# Simply to Simplify



## wingchun100 (Jan 18, 2017)

Okay, now I know from mentioning this guy in the other thread, his name is not met with anything that resembles fondness. However, I want to bring up something he said because, for me, it was another "lightbulb" type of moment.

In one of the Emin videos I watched, he mentioned how he didn't worry about the kind of attack that someone used against him. Instead, he just worried about angles.

Now in my opinion, one of the key features of Wing Chun is "simplicity." So for me, what he said clicked automatically. I was like, "Wow! Instead of worrying about the dozens of different ways someone could attack me, I worry about angles of attack? Well, shoot...there are a lot LESS of those!" It just made sense to me, and that idea seems to be in line with what I feel is one of (if not the) most important features of Wing Chun.

Naturally, I am sure there will be lots of disagreement. However, I hope it is respectful disagreement. Don't let hatred of Emin turn your responses into ones filled with bile toward ME. I'm just sharing a thought I had.


----------



## JowGaWolf (Jan 18, 2017)

From what I've seen of him.  His fight experience may be limited to fighting against linear attacks.  Wing Chun Vs Wing Chun  so his statements may be in the context of Wing chun and linear attacks.


----------



## Buka (Jan 18, 2017)

I agree with him/that. And "angles" is as good a way to describe it as any.

I think the approach of "when this comes in instead of that" overcomplicates fighting. I think in training, if you start complicating based on what the other guy is doing, you start fighting his fight not yours.
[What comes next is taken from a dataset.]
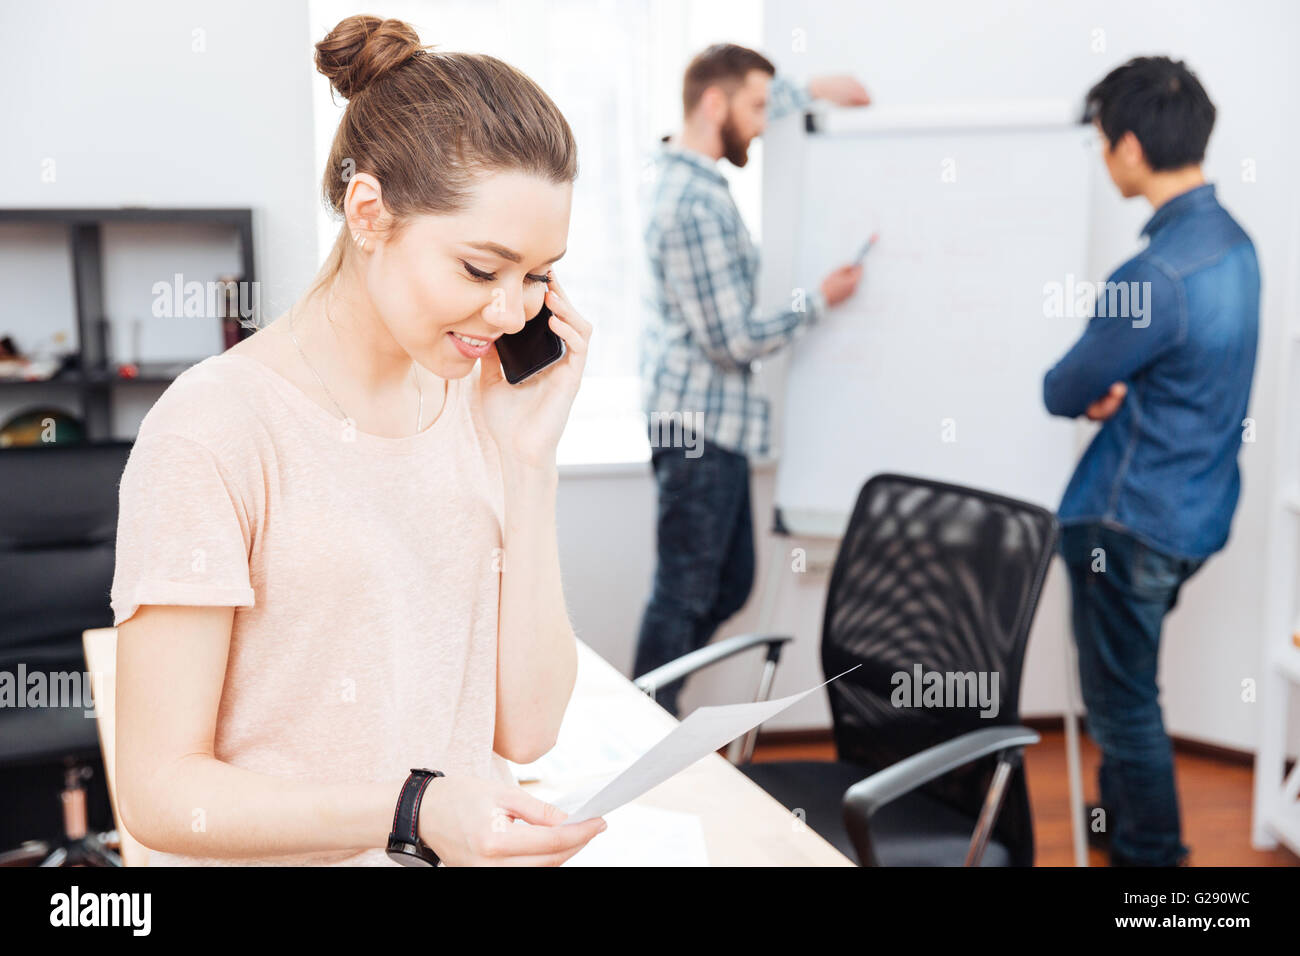 Fröhliche junge Geschäftsfrau telefonieren mit Handy während ihrer Kollegen arbeiten mit Flipchart in office Stockfoto

And I believe you fight like you train.

This shouldn't be confused with "adapting" which I think is the single most important, and overlooked, aspect of fighting, especially striking.


----------



## JowGaWolf (Jan 18, 2017)

Buka said:


> I think in training, if you start complicating based on what the other guy is doing, you start fighting his fight not yours. And I believe you fight like you train.


I agree. Unfortunately the majority of martial arts schools teach from a reactive point of view.


----------



## Flying Crane (Jan 18, 2017)

A lot of stuff in martial arts is over-complicated.  Honestly, I see a lot of that in the wing chun discussions here.

I think angles may well be a better, less complicated way of looking at things.  You may need to study the different types of attacks in more detail, but with the goal of understanding their angles in order to then see it in less complicated terms.


----------



## Buka (Jan 18, 2017)

double post


----------



## Gerry Seymour (Jan 18, 2017)

Buka said:


> I agree with him/that. And "angles" is as good a way to describe it as any.
> 
> I think the approach of "when this comes in instead of that" overcomplicates fighting. I think in training, if you start complicating based on what the other guy is doing, you start fighting his fight not yours. And I believe you fight like you train.
> 
> This shouldn't be confused with "adapting" which I think is the single most important, and overlooked, aspect of fighting, especially striking.


Agreed. In any MA, recognizing some way to lump attacks together into groups makes it easier to understand what's different as attacks change. So, for instance, we tend to talk about round vs. straight attacks. Those are not as distinctly separated as they sound, but it creates the rough ends of the spectrum. The adaptation (in part) is what you do to account for the myriad, smaller, differences within a group (so, how is a straight punch different from a straight stab, how is a straight short punch different from a straight long punch). FMA does the same thing with their angles (8 of them IIRC). It's a useful framework for generating the basics. "Advanced" stuff is often just the basics adapted better.


----------



## geezer (Jan 18, 2017)

Forgeting the BS lineage wars and/or personality issues, Emin is definitely somebody worth paying attention to. His WT is powerful and functional.


----------



## Vajramusti (Jan 18, 2017)

geezer said:


> Forgeting the BS lineage wars and/or personality issues, Emin is definitely somebody worth paying attention to. His WT is powerful and functional.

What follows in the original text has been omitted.